Capítulo 0137: Oficial da cavalaria dos hunos
Sob grande júbilo, o gordo mandou que trouxessem a panela de ferro, pois desejava comer da mesma refeição que aqueles guerreiros. É claro que, entre todos, só ele tinha o direito de partilhar do caldeirão; aos demais, no máximo, cabia o que se separasse dele, servido em tigelas. Ainda assim, bastava isso para encher de alegria aqueles homens valentes, enquanto os descendentes do clã imperial se afundavam numa discreta tristeza, pois, sob o brilho dos bravos, quase não tinham presas dignas de serem exibidas.

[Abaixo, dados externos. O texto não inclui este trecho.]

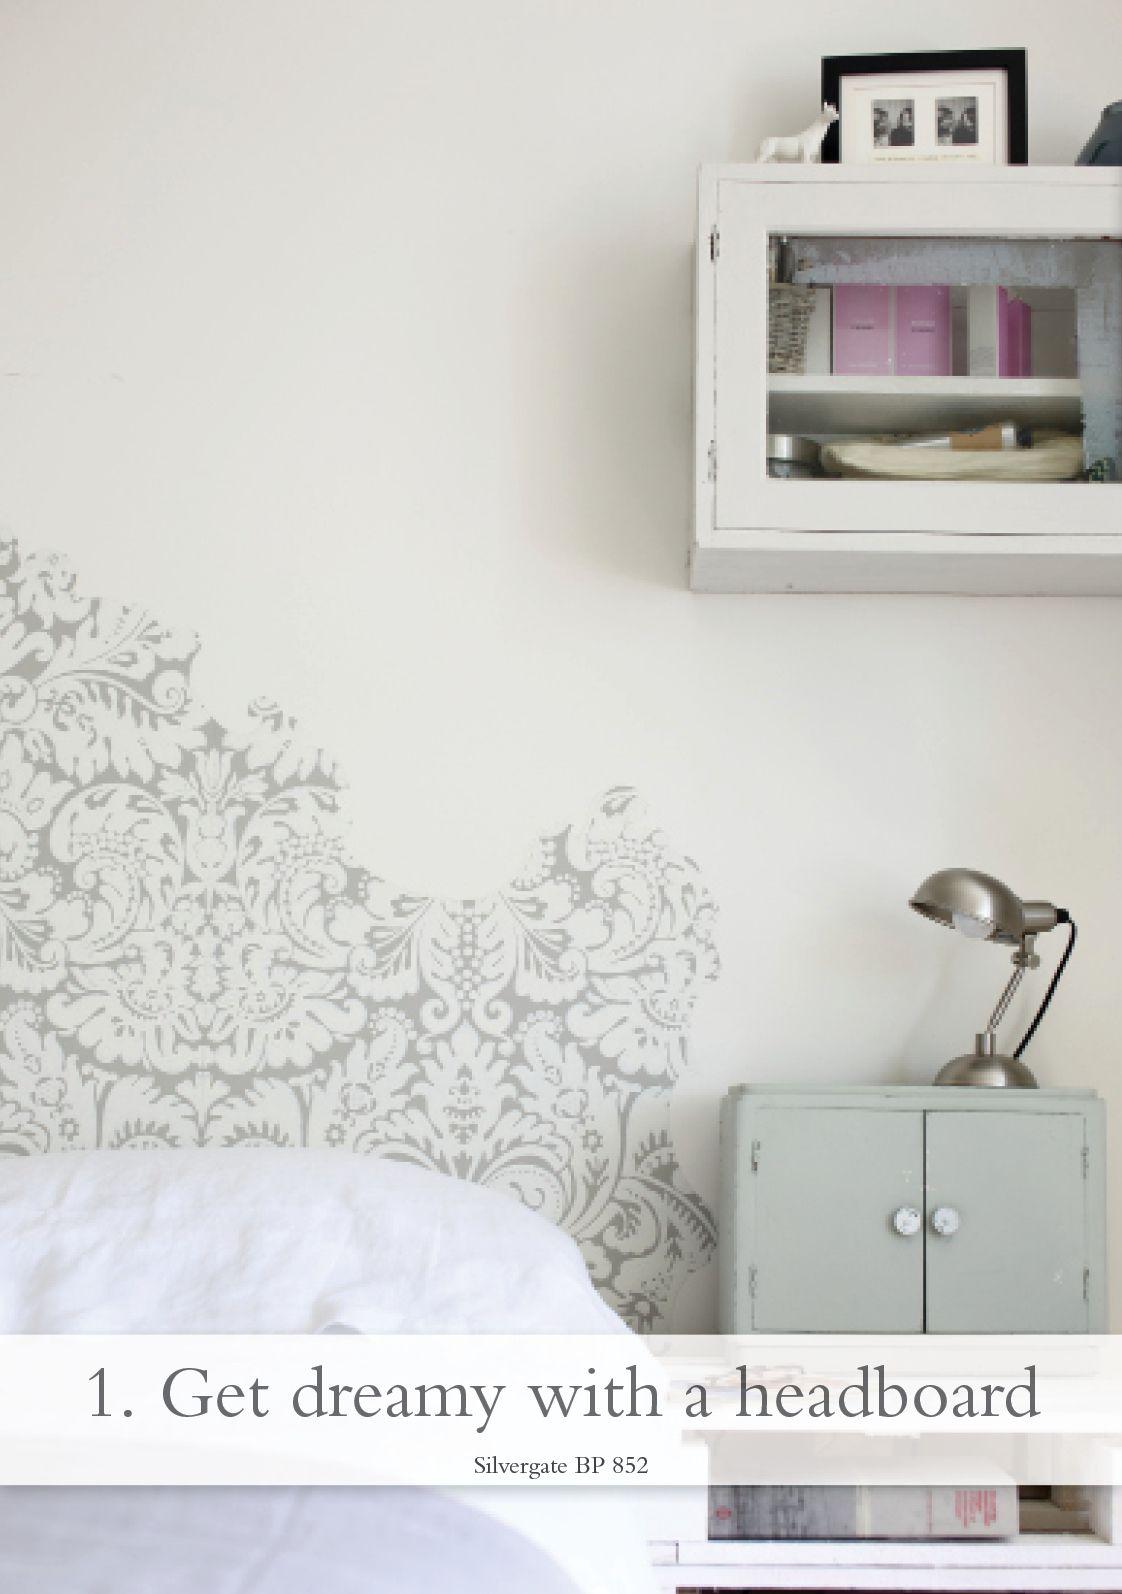 Get Dreamy With A Headboard 10 Ways With Wallpaper Wallpaper Headboard Small Bedroom Small Spaces

À medida que as caças eram lançadas uma a uma na panela e a carne fervia na água, o apetite do gordo crescia ainda mais. Conversou com os muitos bravos e pediu instruções a Huang Zhong, Dian Wei e outros sobre a arte do arco. Huang Zhong, tomado de honra e espanto, apressou-se a explicar-lhe tudo. Os presentes eram todos homens de coragem, que desde a infância haviam praticado o arco e a flecha; não achavam que Huang Zhong pudesse superá-los, e em geral ouviam com alguma indiferença, salvo o gordo, que escutava com atenção.
Depois perguntou a Dian Wei, que, um tanto embaraçado, retirou de trás das costas um par de alabardas curtas e disse: “Meu senhor tem habilidade mediana com o arco; por isso uso este instrumento. A dez passos, nunca erro o alvo!”. O gordo, intrigado, tomou-as nas mãos, mas o peso lhe pareceu excessivo; todo o corpo lhe tremia, quanto mais arremessá-las. Não pôde deixar de admirar-se, e Cao Song e os demais exclamaram de imediato: força divina do soberano! Logo perceberam, porém, que aquele não era um elogio adequado e apressaram-se a enaltecer Dian Wei.
De fato, soberanos de força extraordinária nunca costumam ter bom desfecho; bastam como exemplo Di Xin, Ying Dang, Xiang Yu e certo príncipe do antigo Han. Em suma, elogiar a força divina do imperador não era coisa apropriada. Mas o gordo, de espírito largo, não se importou com a gafe deles.
Esperaram por longo tempo, até que todos já tivessem saído da floresta. Então o gordo perguntou: “Ainda falta alguém que não tenha saído?” Duan Jiong examinou atentamente os presentes e, então, um tanto surpreso, respondeu: “Falta um!”. O gordo se alarmou. Se ainda não havia saído àquela altura, talvez tivesse sofrido algum contratempo na mata. Perguntou às pressas: “Quem é?”
“Capitão do acampamento de Changshui, Luan Ti Yili!”
O Exército do Norte possuía cinco acampamentos. O primeiro era o Acampamento de Cavalaria de Guarnição, composto integralmente por cavaleiros han. A maior parte dos recrutados vinha de He Nei e da região de Hebei, homens valentes e ferozes, bem equipados, usados sobretudo para romper formações inimigas; todos blindados, armados com longas lanças. O segundo era o Acampamento de Cavalaria Yue, composto por cavaleiros de povos submetidos de Yue, homens hábeis tanto no ir e vir quanto no combate a cavalo e a pé, de grande utilidade. Depois vinha o Acampamento de Infantaria, outrora comandado por Xing Zi'ang, também formado por soldados han, em sua maioria artesãos militares do noroeste, de Liangzhou e Yongzhou, que empunhavam grandes escudos e muitas vezes conseguiam derrotar a cavalaria das fronteiras. Em seguida vinha o Acampamento de Tiro Sonoro, formado por arqueiros e besteiros, em grande parte dotados de bestas e arcos poderosos, extremamente seletos. Por fim, o último era o Acampamento de Changshui, composto por cavaleiros bárbaros.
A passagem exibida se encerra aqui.